No, my mistake for saying "function pointer" when I should have said "jump instruction" but otherwise the same point stands.

It looks like on x86_64, jumps with absolute address is 5 bytes which is annoying, but it's fine. Function pointers will have alignment of 1 on that platform then.

This test case will regress:

test "align(N) on functions" {
    try expect((@intFromPtr(&overaligned_fn) & (0x1000 - 1)) == 0);
}

fn overaligned_fn() align(0x1000) i32 {
    return 42;
}

The language will be modified to say when you take the address of a function, it does not necessarily gain the machine code alignment specified with the align keyword, because there may be a stub being used, or something to this effect.

Even if we go with the function prologue strategy resolution, I will still make this language change, because it is already evident this flexibility is useful for compilers.

kubkon · 2024-08-15T19:42:47Z

Actually bookkeeping is largely unchanged whether the jump table is as one big block or distributed. If a function has a trampoline, it gets an extra slot with an index to the symbol that acts as its trampoline. In case of a jump table, it gets an index into a jump table.

This means that with the function header trampoline strategy, you have to keep around an old symbol data entry around for the now-deleted function, whereas with the jump table strategy, you don't.
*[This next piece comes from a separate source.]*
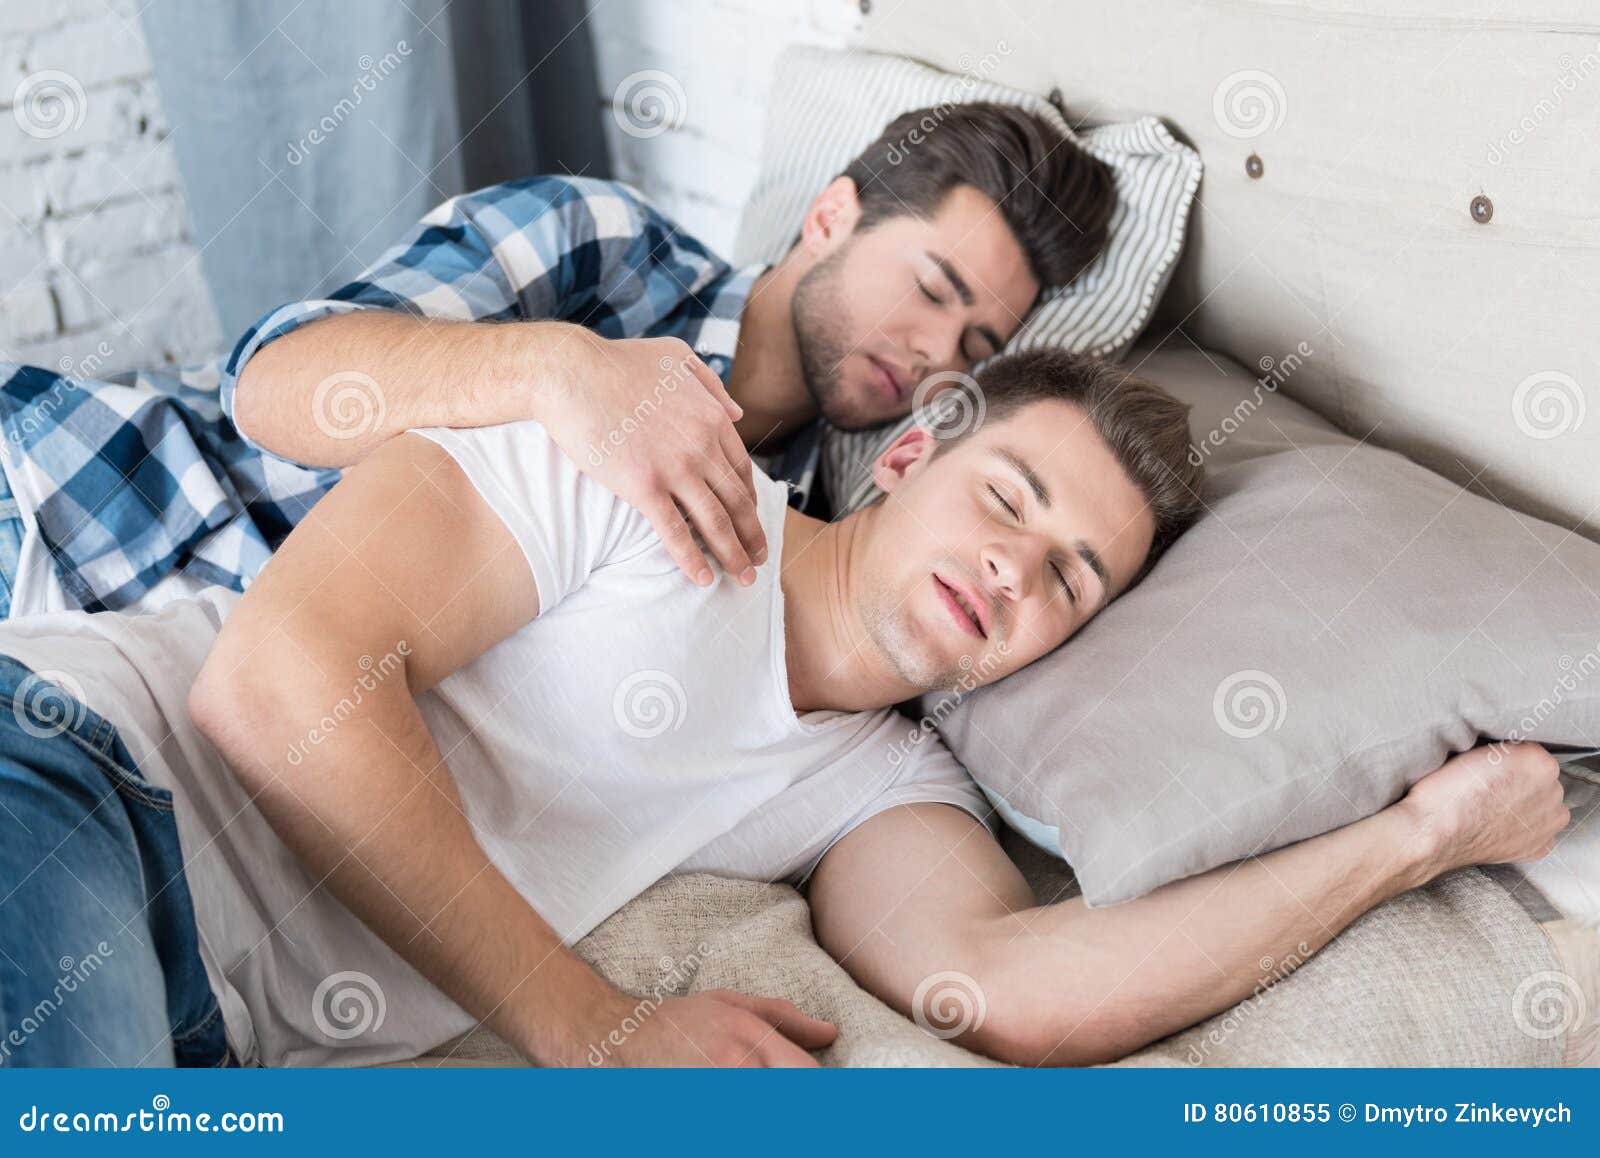 boys Sleeping gay

I am getting confused, let's agree on what is what if that's OK. We have 3 options under consideration:

Offset table

read-write section, each entry pointer-aligned, pointer-size
<0>: pointer to A
<8>: pointer to B
...

Jump table
read-exec section, .text.zig, each entry is instruction-aligned (1 on x86_64), size is arch dependent, code model dependent, etc

<0>: jmp rel32 // 5 bytes, PC-relative near-jump
<5>: ...

Distributed jump table
read-exec section, .text.zig, each entry is at least instruction-aligned or overaligned if the evacuated function was moved

<0>: code of A
...
<N>: jmp rel32 // jump to now-moved B
<N+5>: free space
....
<M>: code of C etc

FWIW I think there is a way to keep option 1, or at least reconsider it, while ensuring codegen backends are largely incremental linking agnostic by utilising the idea of lazy-symbol binding - we emit a section with immutable jump entries that always point to the same pointer in the offset table. Offset table is again mutable where we are free to rewrite pointers, however since the machine code now points at an immutable jump table we keep the codegen largely unaware of incremental linking. It would look something like this:

// .text.zig
<0>: A
...
<N>: call B -> .plt.zig, .stub.zig, or whatever
...

// .plt.zig
<0>: mov r11, [.got.zig entry at #0]
<N>: call [r11]
...

// .got.zig
<0>: pointer to B
<8>: pointer to A
...

kubkon · 2024-08-15T19:50:05Z

FWIW the obvious con of option 4* is having to (re-)introduce two more sections .got.zig and .plt.zig which is costly on MachO where we are severely limited in sections count.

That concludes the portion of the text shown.